We love the story of life as a road. (Success is a ladder. Time is ever marching forward.)
But we know it’s not true.
We are on shifting sands, sliding forward and backward and sideways and diagonally in our thinking, our feeling, our learning and our lives.
Time swirls about us endlessly; effortlessly sweeping us back to That Day in the Third Grade…That Picnic by the Lake…That Long and Horrible Night…no, certainly time is the most unreliable of all the unreliables.
If we think of our lives as being linear, we cheat ourselves out of the fullness of our experience.

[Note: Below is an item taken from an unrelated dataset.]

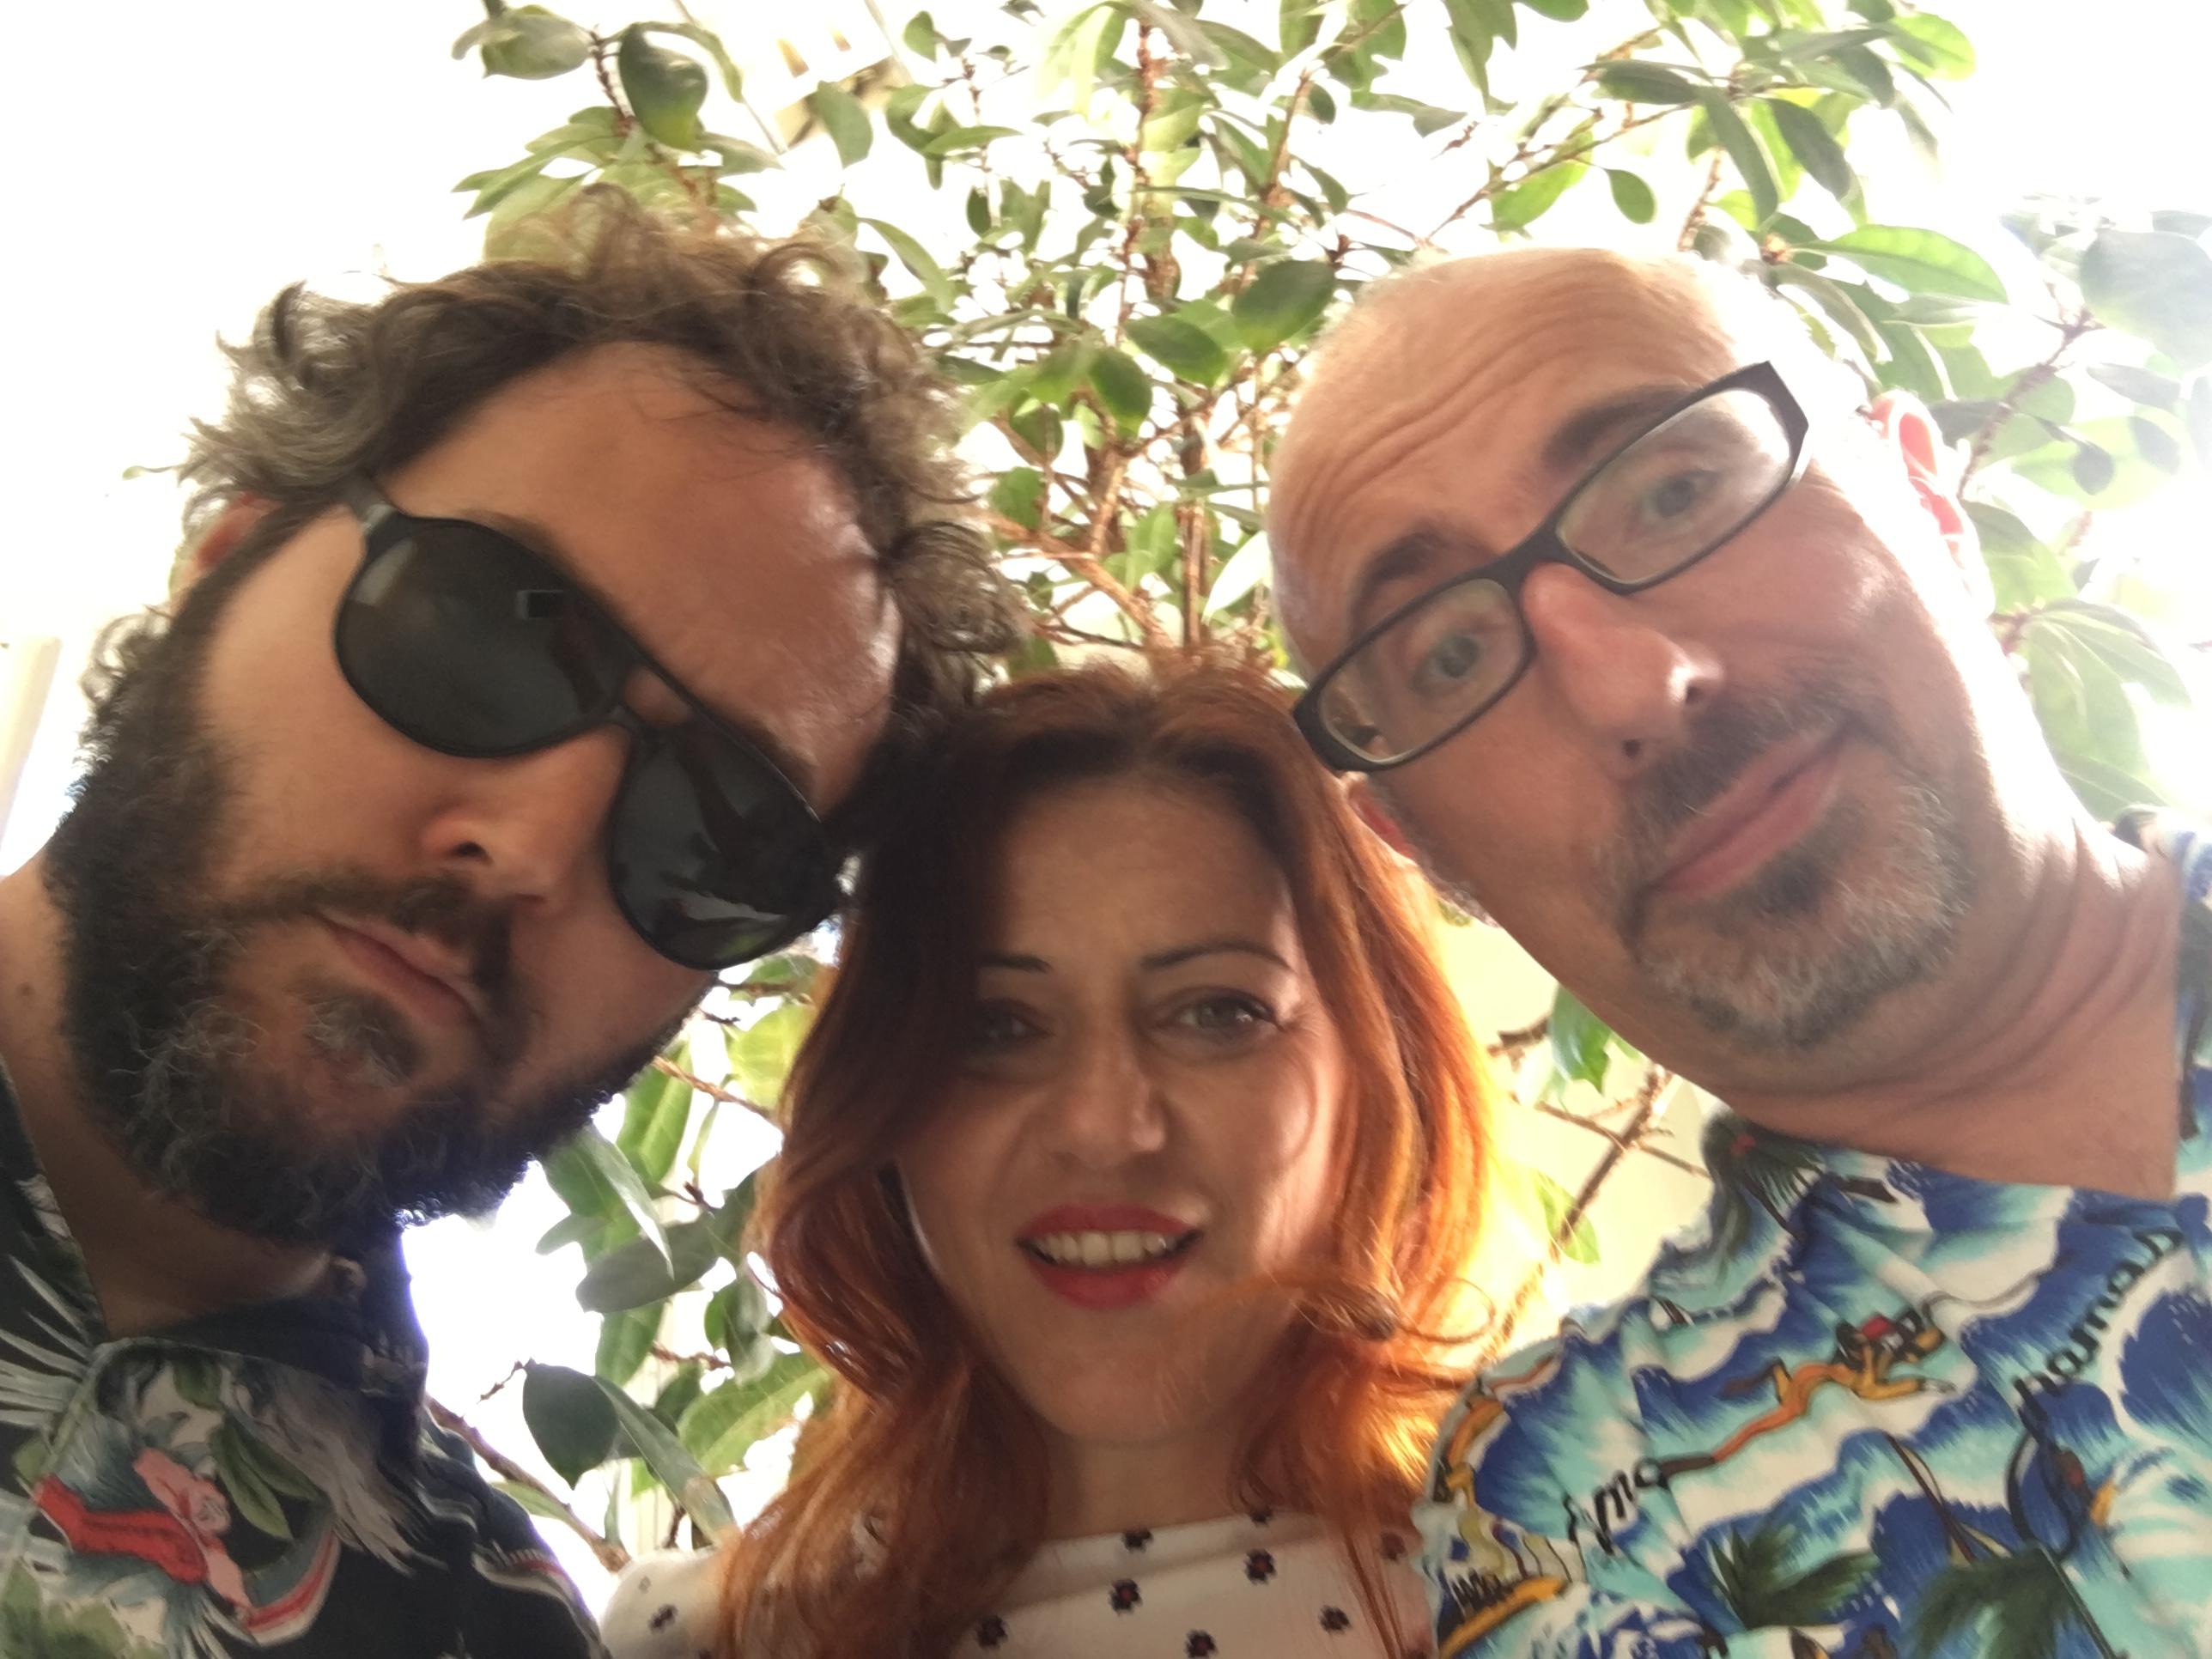 Dal 1 agosto su RADIO2 conduco COLPO DI SOLE con Ardemagni e Mannucci saremo in onda tutti i giorni!
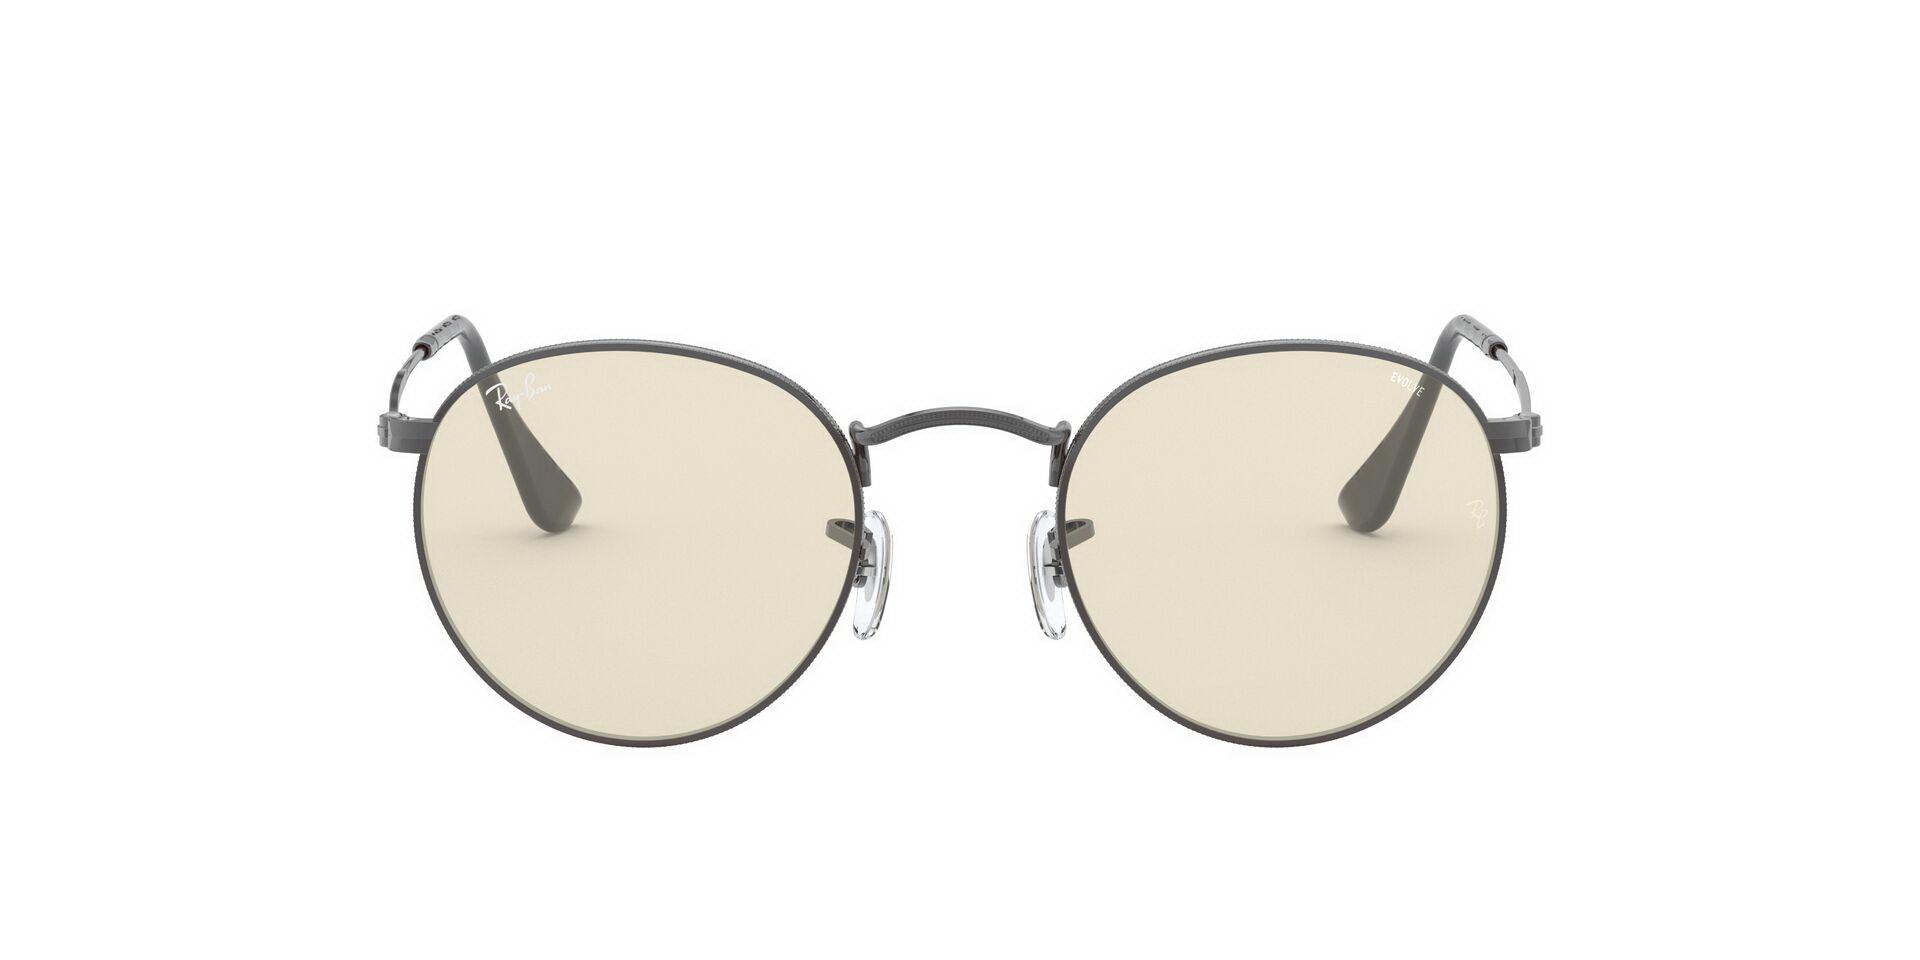 Солнцезащитные очки Очки с/з Ray Ban 0RB3447 004/T2 фото

Plus, it’s that foolish linear thinking that leads to self-immolating thoughts like, “I should be more successful by now” and “Look, that person is more successful than I am.”
We know these thoughts are lies, too, but if you only measure by the clock it is all too easy to slip those lies into your pocket and carry them around as part of your belief about yourself.
The more we learn about our art (our love), the less we know.
The longer we live on this earth, the more the years seem to pass in a day.
As our fortunes rise and fall, the more we recognize that money and status are no more accurate a marker of success than a new crop of tomatoes or a big hug from an eight-year old.
Today, challenge yourself to notice the ways in which your life is a gyre, moving in many looping directions all at once. And how that is good and meet.
The world needs your art.
Sam, this is so true and the older I get, as even random memories surface, I really believe that everything I’ve ever seen, felt and done is all recorded in me somewhere.
That’s an interesting reference you made to the third grade…because in the coaching that I’ve done with people, many (myself included) have had meaningful and/or traumatic events in the third grade. Life, huh?
Yep – those 3rd grade memories pack a punch, don’t they? Thank you so much for commenting, Sherle.
I like to think of life as being like an onion: can be sharp, sweet, or mellow depending upon the type used and how it’s used. AND it’s multilayered. As each layer peels away, we get closer to the heart of the matter. YUM!
Thanks Sam!
Aloha, Patrice
I love that! (Maybe because I love cooking with onions…. : ) Thanks, Patrice.